Yes, I was using the built-in administrator account. Does that have any implications ? Been doing that since 20 years as I'm the sole user of my PC always...and I'm a sysadmin
Old habits die hard... yet if I'm the only user (and experienced) I don't see a point not for doing that. It saves unnecessary UAC prompts and the need for "run as administrator" to use elevated commands. Call me lazy but if you know what you are doing, it isn't a no go as such
Of course you are the one who decides and does exactly what you want, but everything in the world is not exactly as you think and want. And one of them is built in administrator account, it can't be used as user account with administrator privileges. And the thing you called laziness is also called a little differently, but I'm not going to say that.
no worries, I do that myself on my personal PCs but, if you do an in-place upgrade with the built-in administrator account, the UAC for admins GPO gets enabled after the upgrade, which would explain your problems. disable it and reboot. -andy-
I had the same type of problem yesterday. I figured I'd do some pc work but instead of doing an actual reinstall I tried Win10's reset option, to save some time. Worked ok but then I couldn't "do" anything. All the permissions were screwed up. Tried taking ownership of some but it was just a pain in the arse. The entire C:\ drive was "owned" by TrustedInstaller, and I couldn't do much of anything. Played around a bit and said screw it, reinstalled Windows entirely. Guess what? Still had the problem, mostly. It's not as bad as it was with the reset but it's not full control like usual. On the reinstall I did something different though, instead of using a MS user account (never do), didn't unplug my network to allow the creation of a local account, I tried the 'join domain' user account option and that seemed to be ok and work easily enough. I'm wondering now if that was the cause of the remaining permission issues... I changed the policy setting that's mentioned above and that seemed to help, but I don't like the fact that it's a "workaround" to the problem. So next time, which might soon anyways with 20H1 coming out, I'll be sure to create a local user account and hope that it solves all these issues. This was a new experience for me also. Microsoft.................... sigh.
You are my man Made the GPO changes and everything seems normal, even the default network shares C$ D$ are working back as before. I knew it would be stupidly simple... thats what Microsoft updates are all about @jellybelly Can't comment much... the update for me went pretty smooth other than the permissions screw up. For Windows users it can be quite daunting as the concept of permissions isn't that refined/ taught for. I'm a sysadmin using Windows as daily PC, Linux for servers and maintaining many MacOS machines... so I knew NOT to try and overdo things with permissions and hence opened this thread to have a quick opinion. Fact check... I believe doing inplace upgrades is not to be taken easy for Windows... I did this first time in my 20+ years of IT life and I can say it is nowhere near how MacOS or Linux dist-upgrades work. DO A CLEAN INSTALL!!
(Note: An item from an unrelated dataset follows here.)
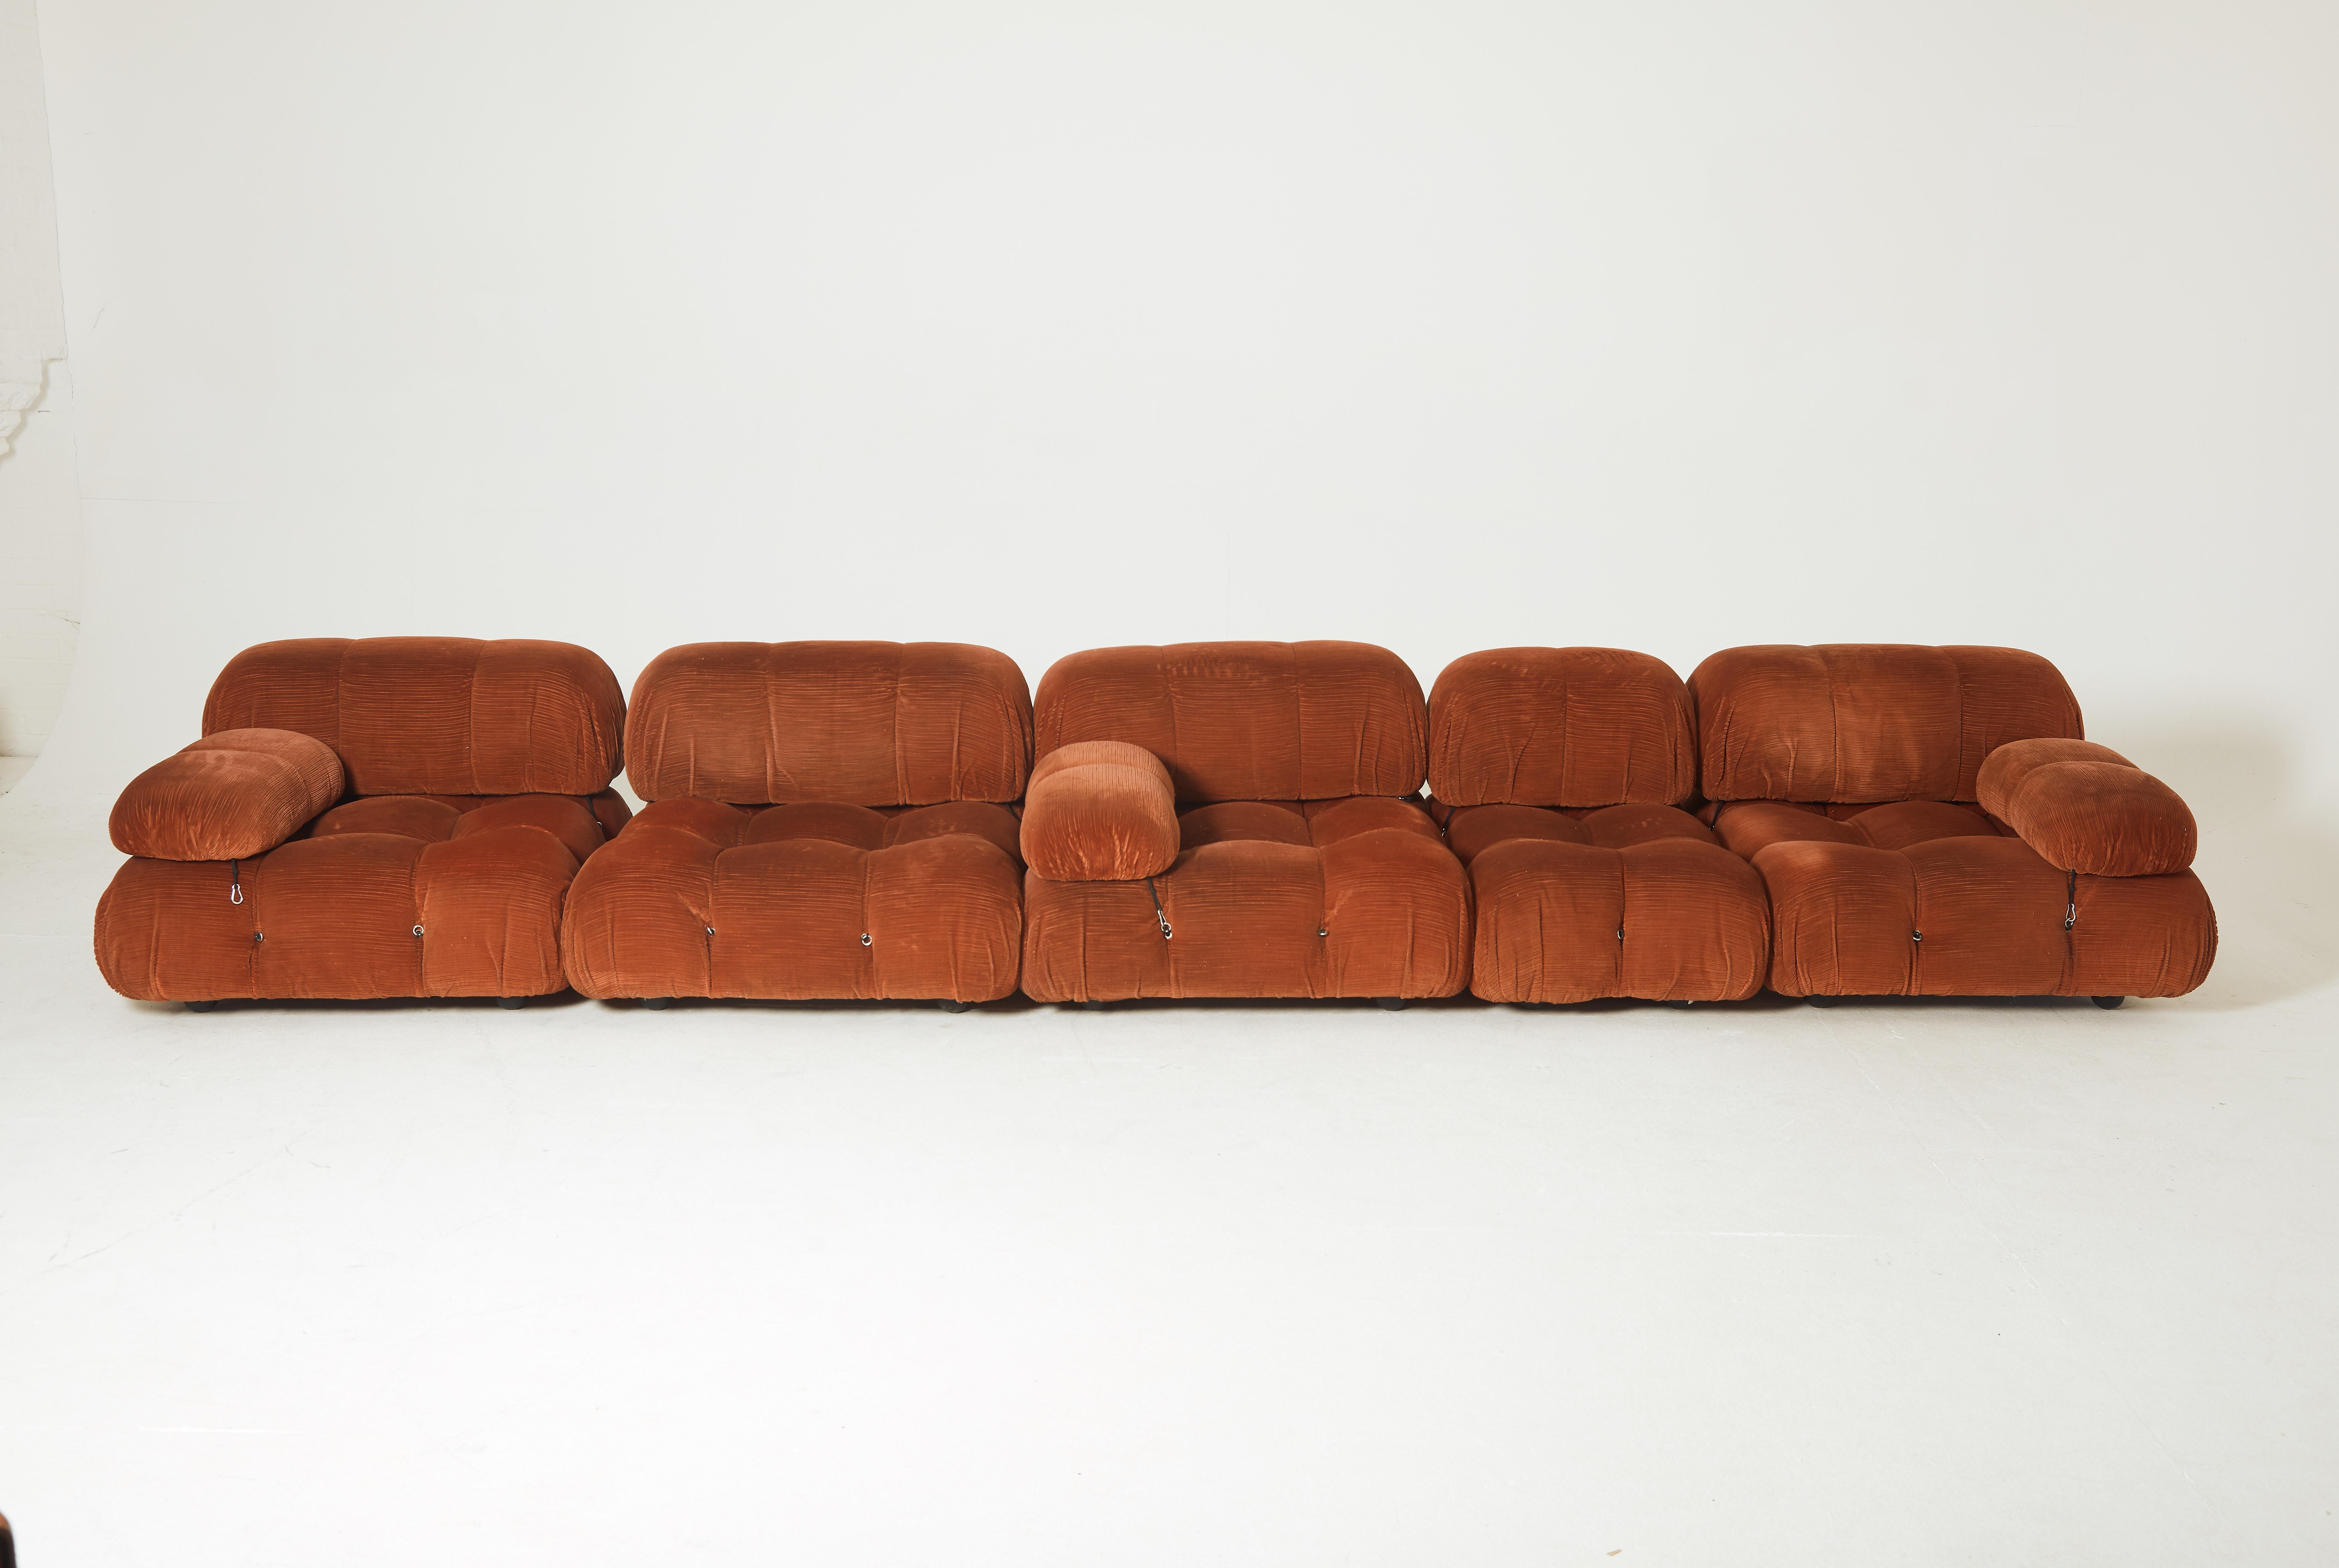 An extremely comfortable Mario Bellini Camaleonda modular sofa, made by C&B Italia (pre-B&B Italia), Italy, 1970s. Fabric is worn and damaged so this is sold for re-covering in your own choice of fabric. All parts are interchangeable. Can be

@megargags, Well I just did a fresh install in a VM, in my "normal" routine, offline user account, etc.. and still have the permission issues. I've been installing Windows since 3.0 and only now am I starting to have issues with permissions. I have a feeling that MS has started to lock down the drives in the name of security. In the past all 'annoyances' were removed by turning off UAC. But now even with UAC off, you still have to give permission to do anything in Program Files, for example. It's annoying, stupid, and I don't care about MS's version of security when it interferes with what I want to do.